Suddenly I heard a cry - I do not know why but near something stung. Overpowering fatigue, I walked to the sound of the voice. I do not know, match it or speak the truth, recognizes that the real mother crying the kid out of a thousand, but I Dilnaz called my - when I I decided to give her this beautiful Arabic name - "a gentle voice."

That night, I took her to his Chamber, in spite of all prohibitions and rigorous persuasion midwives. I do not I closed my eyes, but I was happy. I I did not feel tired and time just looking at her ... And I it seemed that the whole world has just the two of us….. Dilnaz grew and gained strength with each day.

First smiles and "agukanya" forced to cry even my serious and sometimes surly husband! I that's what I realized: it is not I help grow and be happy that the crumbs and it helps me to mature spiritually and build ... There were, of course, difficult periods: childhood diseases and the first "Lacrimal" hiking in the garden, and baby stubbornness ...

I saw it myself. we We were always on the same wavelength as if, accessible only to the two of us, we if it linked to invisible all surrounding the thread, Toe the line. It helped her understand, feel and move on. Although at times tormented by questions: how make sure to trust that She shared her experiences as general need to educate girls, because they are the future daughter, wife, Mom?

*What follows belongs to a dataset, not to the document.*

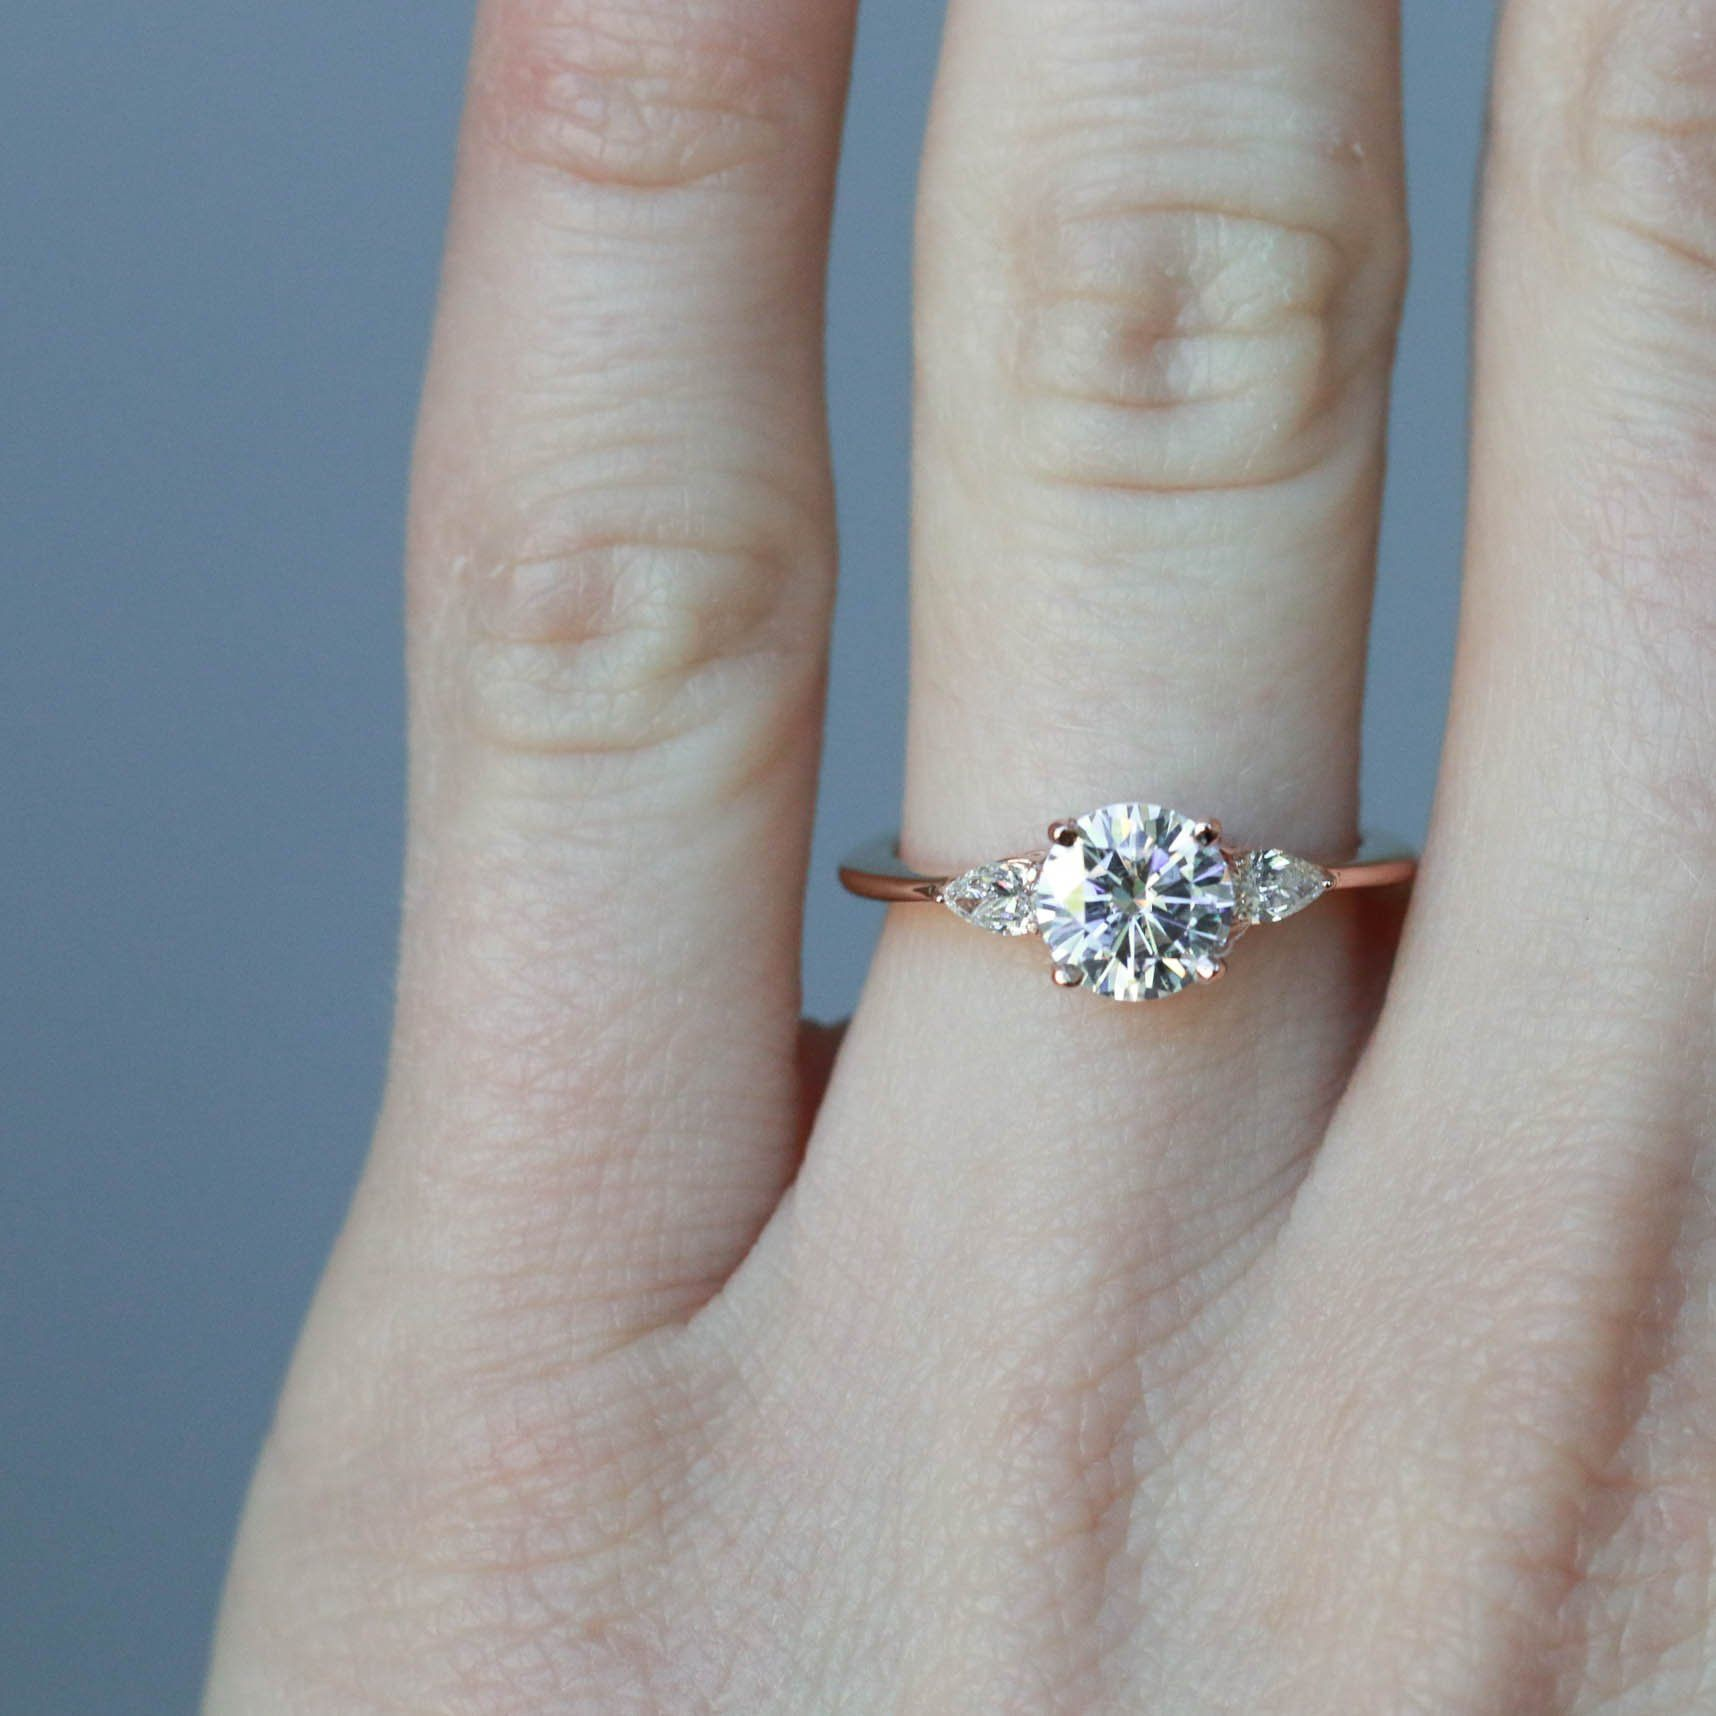 Engagement Rings Netherlands: Engagement Rings, Wedding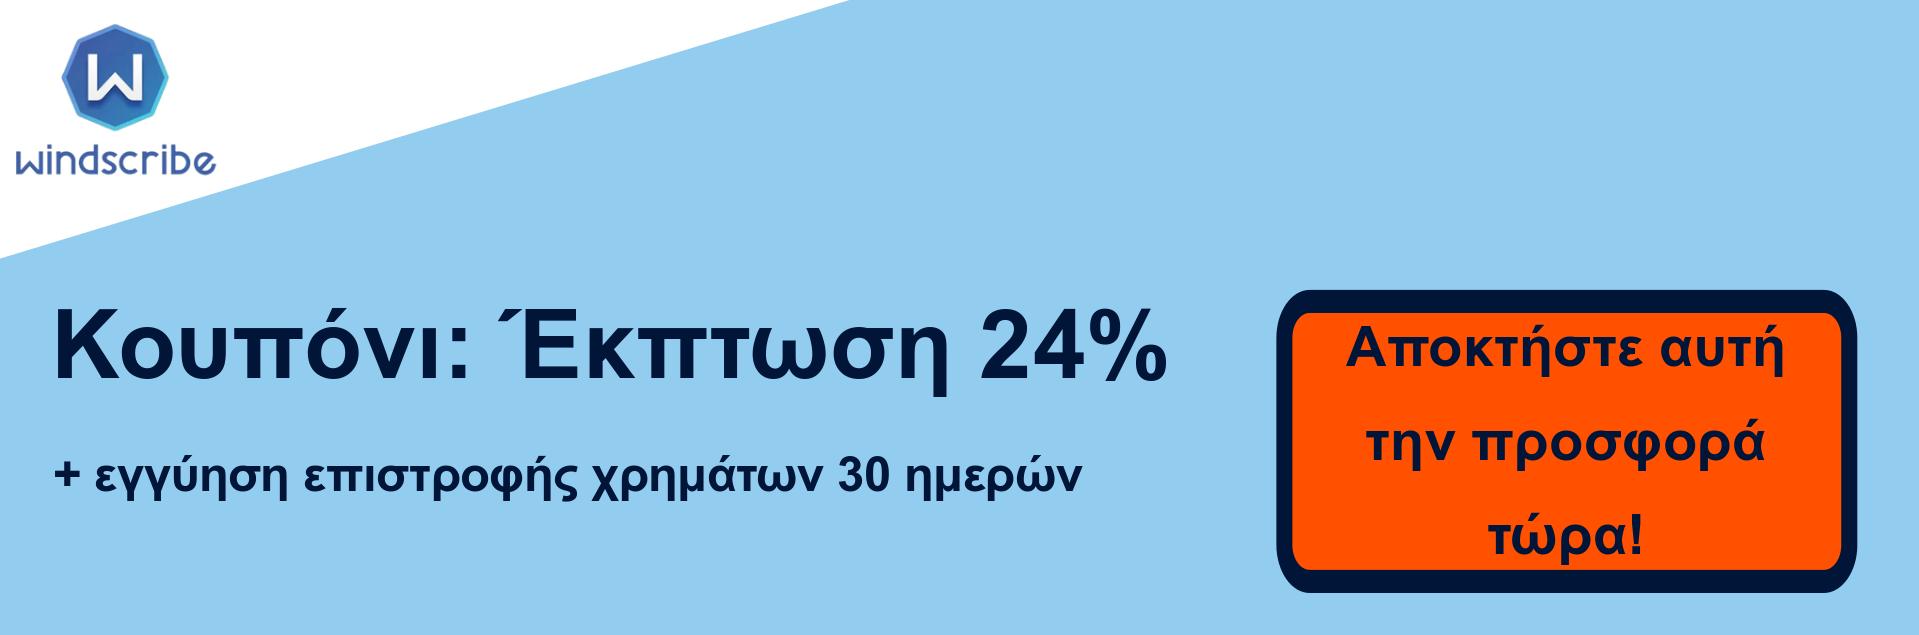 WindScribe VPN κουπόνι banner - έκπτωση 24%

I decided to let her do as a You can most. Let her sometimes get awkward, but if you want something I only: wants to help vacuuming in three years - please knead dough - please let dust and flour, but we are fun, because we just learning! This communion, first turn, is vital to me Best!

Dilnaz was more than three months when I took her to the Kangaroo stole from, this is where more convenient than awkward stroller. It He went with me to visit a friend, habituated to people, to children. Being still quite crumbs, not afraid to go on the handles. Perhaps that is why it It is now so easy to go on contact with different people.

More baby she traveled from me in art galleries, parks, pool and beauty salon, summer cafes in the open air - I generally I try not to sit at home. I she constantly tells something - About life, plans, secret dreams ... she understands me or No, I do not know, but I believe that be sure to understand the future.

Now Dilnaz five years. It is a leader in the group, is able to read write. I understand that difficulties were and are just I think the most important thing - understand it, is not to educate, but It is to "understand", and, of course, love.

Angel I dreamed a reason: He entrusted me with a treasure in the form my "goldfish", now I It has to be good to her my mother, the most caring and tender, What was once my mom.